ACTION ITEM –
The full listing, word for word and free of images, is the expected result.

DATASET EXCERPT –
□ □ □ □ □ □ □

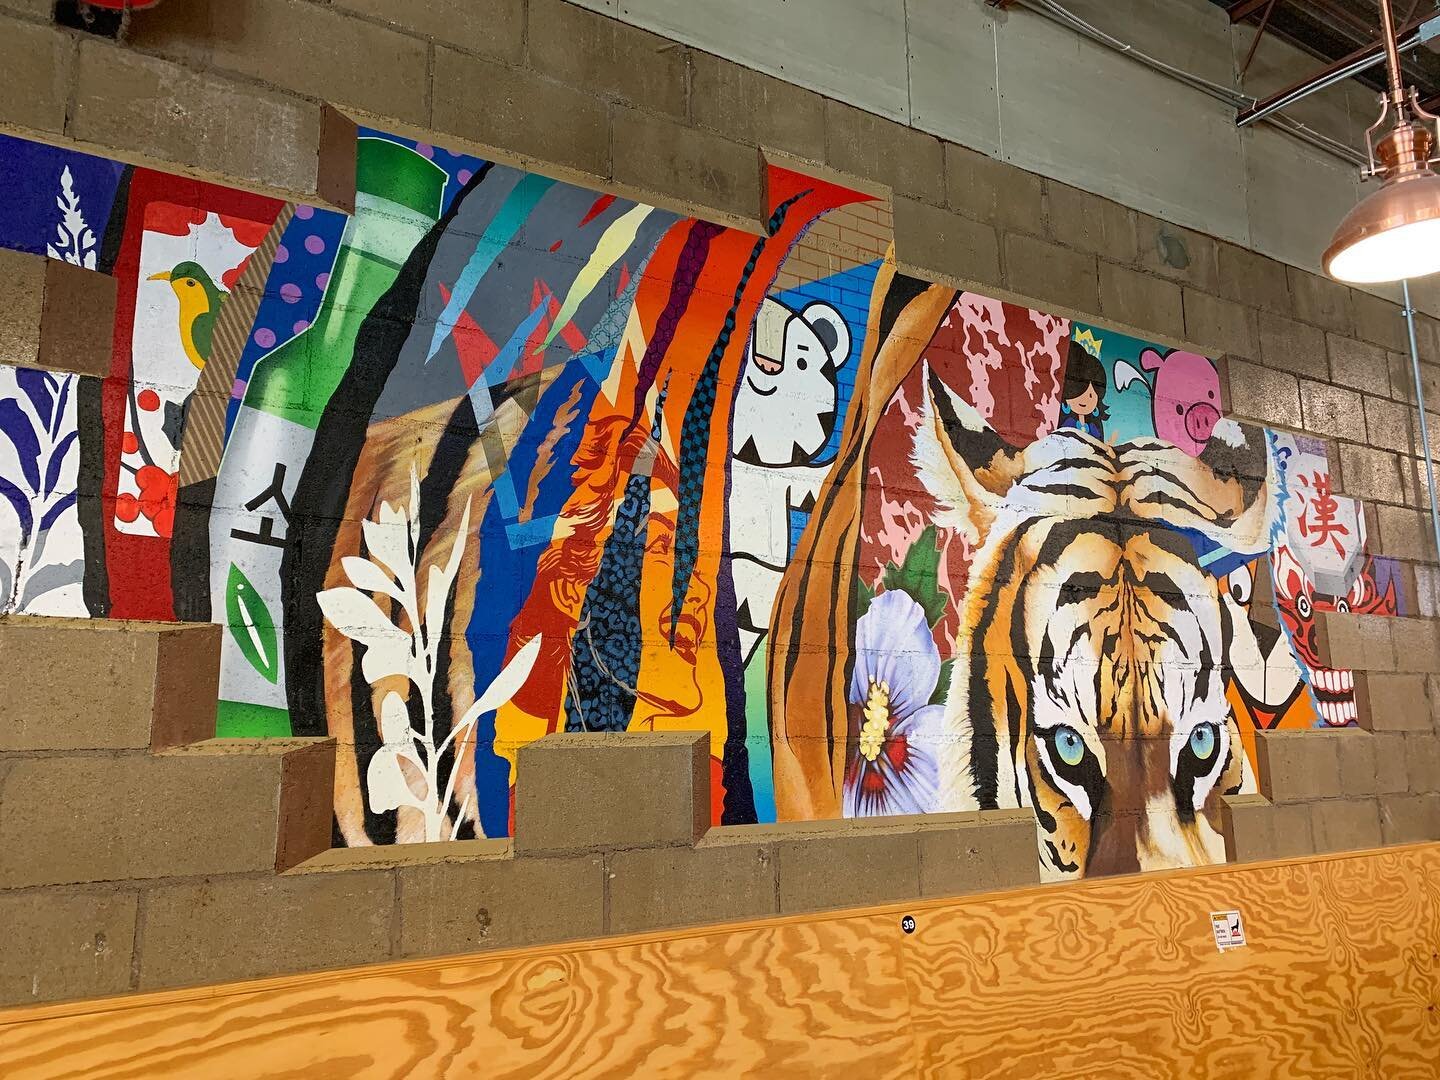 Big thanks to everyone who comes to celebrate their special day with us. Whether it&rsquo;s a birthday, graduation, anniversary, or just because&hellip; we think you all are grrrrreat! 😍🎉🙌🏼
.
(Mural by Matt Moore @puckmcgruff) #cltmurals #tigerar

□ □ □ □ □ □ □

SOLVED EXERCISE –
 Big thanks to everyone who comes to celebrate their special day with us. Whether it&rsquo;s a birthday, graduation, anniversary, or just because&hellip; we think you all are grrrrreat! 😍🎉🙌🏼
.
(Mural by Matt Moore @puckmcgruff) #cltmurals #tigerar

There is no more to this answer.